It’s not built in which is annoying, but it’s really just 2 minutes of work. Add this to a file called search.f90:

subroutine find_first(needle, haystack, haystack_length, index)
    implicit none
    integer, intent(in) :: needle
    integer, intent(in) :: haystack_length
    integer, intent(in), dimension(haystack_length) :: haystack
!f2py intent(inplace) haystack
    integer, intent(out) :: index
    integer :: k
    index = -1
    do k = 1, haystack_length
        if (haystack(k)==needle) then
            index = k - 1
            exit
        endif
    enddo
end

If you’re looking for something other than integer, just change the type.
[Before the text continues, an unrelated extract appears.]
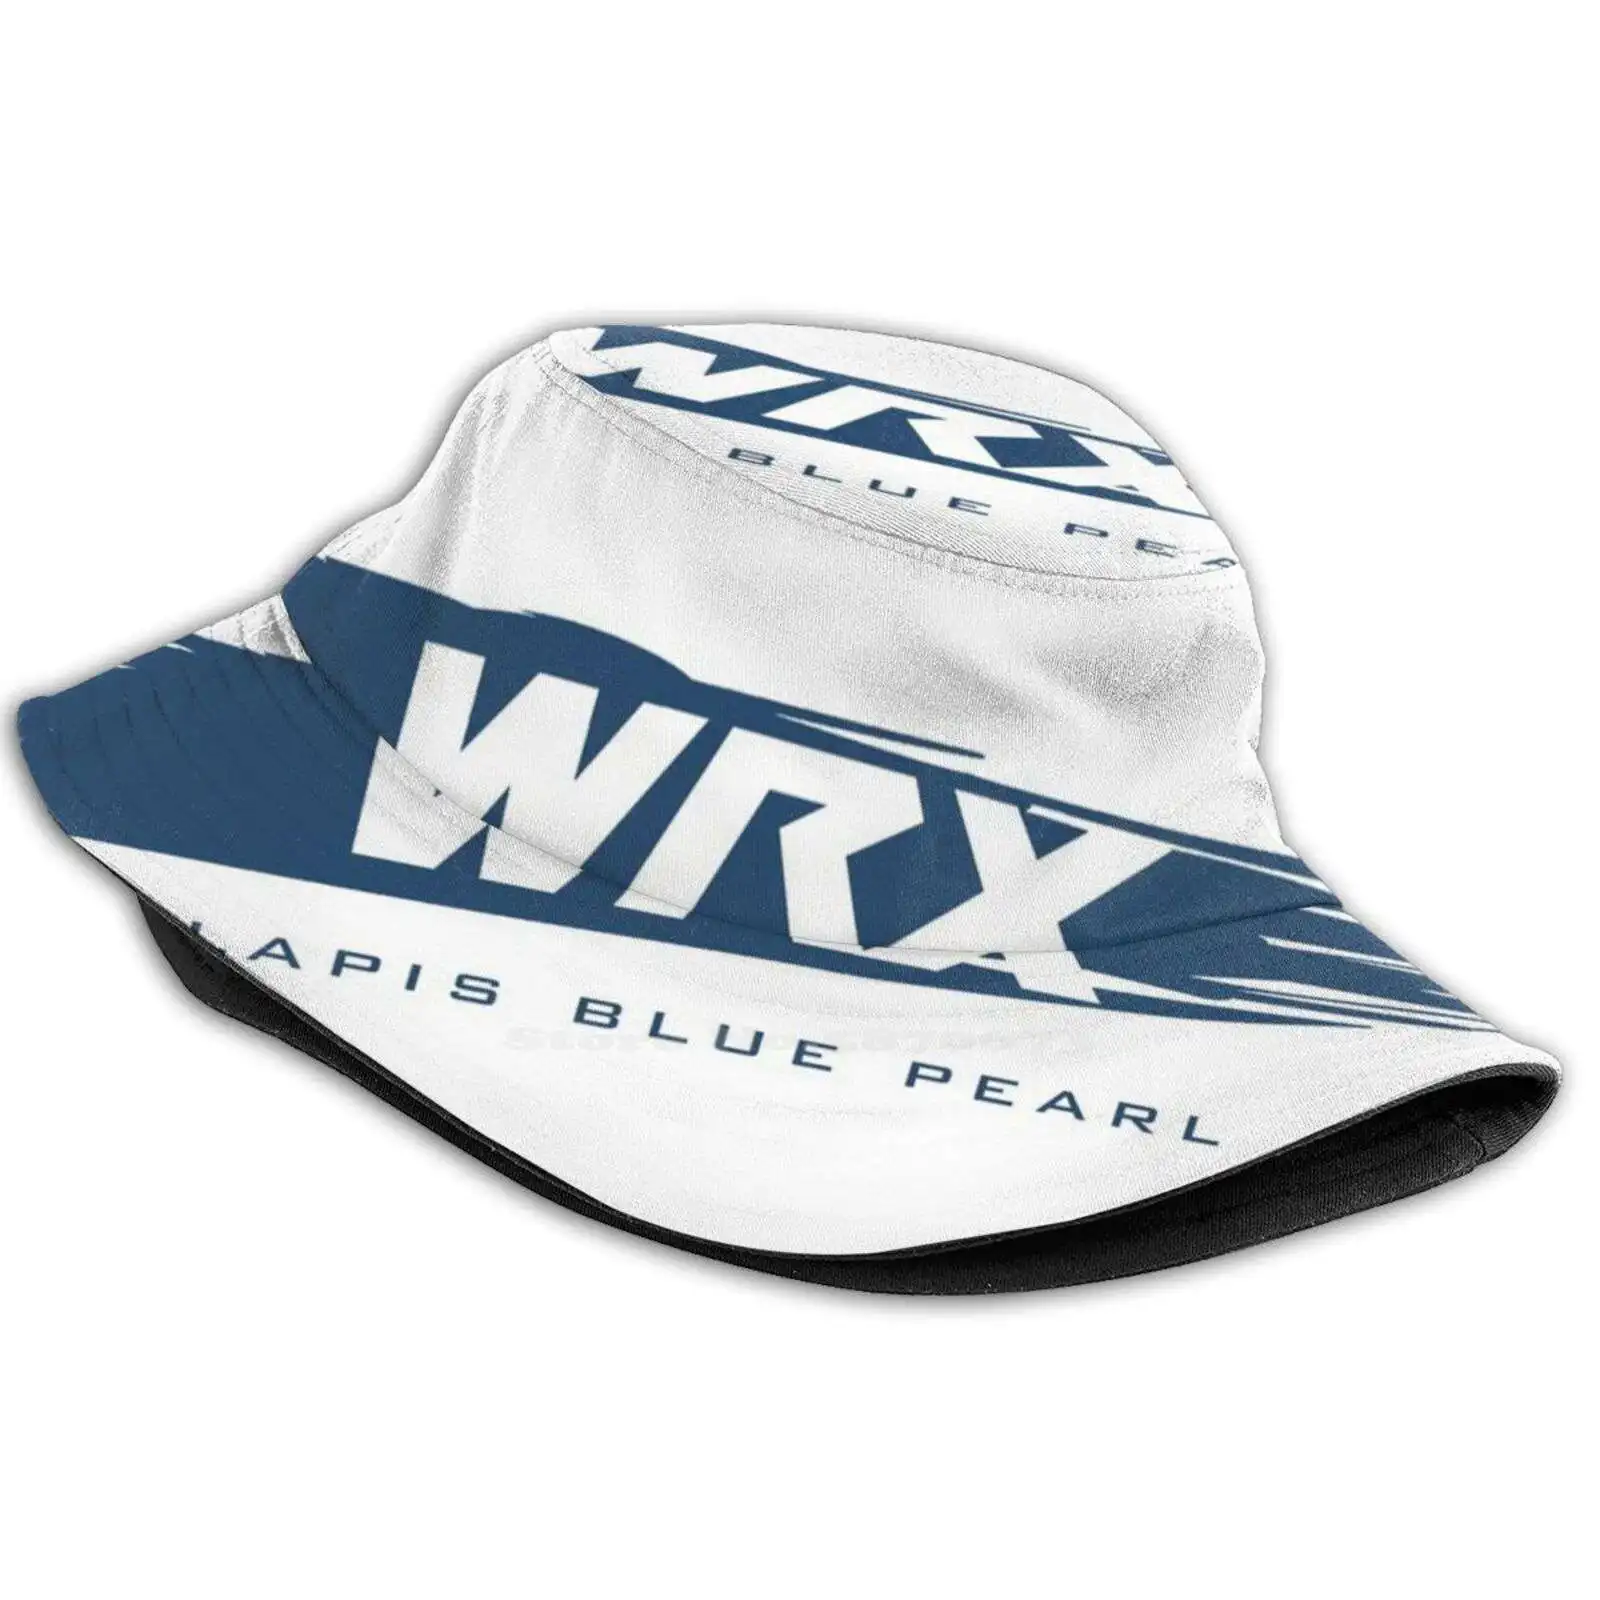 Wrx Lapis Blue Pearl Корейская Женская Уличная Солнцезащитная Шляпа-Ведро Jdm Boxer Двигатель Brz Sti Fozzy Legacy Awd Baja Auto Sti 1

Then compile using:

f2py -c -m search search.f90

after which you can do (from Python):

import search
print(search.find_first.__doc__)
a = search.find_first(your_int_needle, your_int_array)

回答 3

您可以使用array.tostring(),然后使用find()方法将布尔数组转换为Python字符串:

(array==item).tostring().find('\x01')

但是,这确实涉及到复制数据,因为Python字符串需要是不可变的。一个优点是您还可以通过查找以下内容来搜索例如上升沿\x00\x01

You can convert a boolean array to a Python string using array.tostring() and then using the find() method:

(array==item).tostring().find('\x01')

This does involve copying the data, though, since Python strings need to be immutable. An advantage is that you can also search for e.g. a rising edge by finding \x00\x01


回答 4

在排序数组的情况下np.searchsorted工作。

In case of sorted arrays np.searchsorted works.


回答 5

我认为您遇到了一个问题,在此问题上,可以使用其他方法和一些先验知识来真正帮助您。您有X概率在数据的前Y个百分比中找到答案的情况。希望将问题分解为幸运的事物,然后在python中使用嵌套列表理解或类似的方法进行处理。

使用ctypes编写C函数来实现这种蛮力也并不难。

我一起砍的C代码(index.c):

long index(long val, long *data, long length){
    long ans, i;
    for(i=0;i<length;i++){
        if (data[i] == val)
            return(i);
    }
    return(-999);
}

和python:

# to compile (mac)
# gcc -shared index.c -o index.dylib
import ctypes
lib = ctypes.CDLL('index.dylib')
lib.index.restype = ctypes.c_long
lib.index.argtypes = (ctypes.c_long, ctypes.POINTER(ctypes.c_long), ctypes.c_long)

import numpy as np
np.random.seed(8675309)
a = np.random.random_integers(0, 100, 10000)
print lib.index(57, a.ctypes.data_as(ctypes.POINTER(ctypes.c_long)), len(a))

我得到92。

将python包装成适当的函数,然后就可以了。

对于这个种子,C版本要快很多(〜20倍)(警告我使用timeit不好)

import timeit
t = timeit.Timer('np.where(a==57)[0][0]', 'import numpy as np; np.random.seed(1); a = np.random.random_integers(0, 1000000, 10000000)')
t.timeit(100)/100
# 0.09761879920959472
t2 = timeit.Timer('lib.index(57, a.ctypes.data_as(ctypes.POINTER(ctypes.c_long)), len(a))', 'import numpy as np; np.random.seed(1); a = np.random.random_integers(0, 1000000, 10000000); import ctypes; lib = ctypes.CDLL("index.dylib"); lib.index.restype = ctypes.c_long; lib.index.argtypes = (ctypes.c_long, ctypes.POINTER(ctypes.c_long), ctypes.c_long) ')
t2.timeit(100)/100
# 0.005288000106811523

I think you have hit a problem where a different method and some a priori knowledge of the array would really help. The kind of thing where you have a X probability of finding your answer in the first Y percent of the data. The splitting up the problem with the hope of getting lucky then doing this in python with a nested list comprehension or something.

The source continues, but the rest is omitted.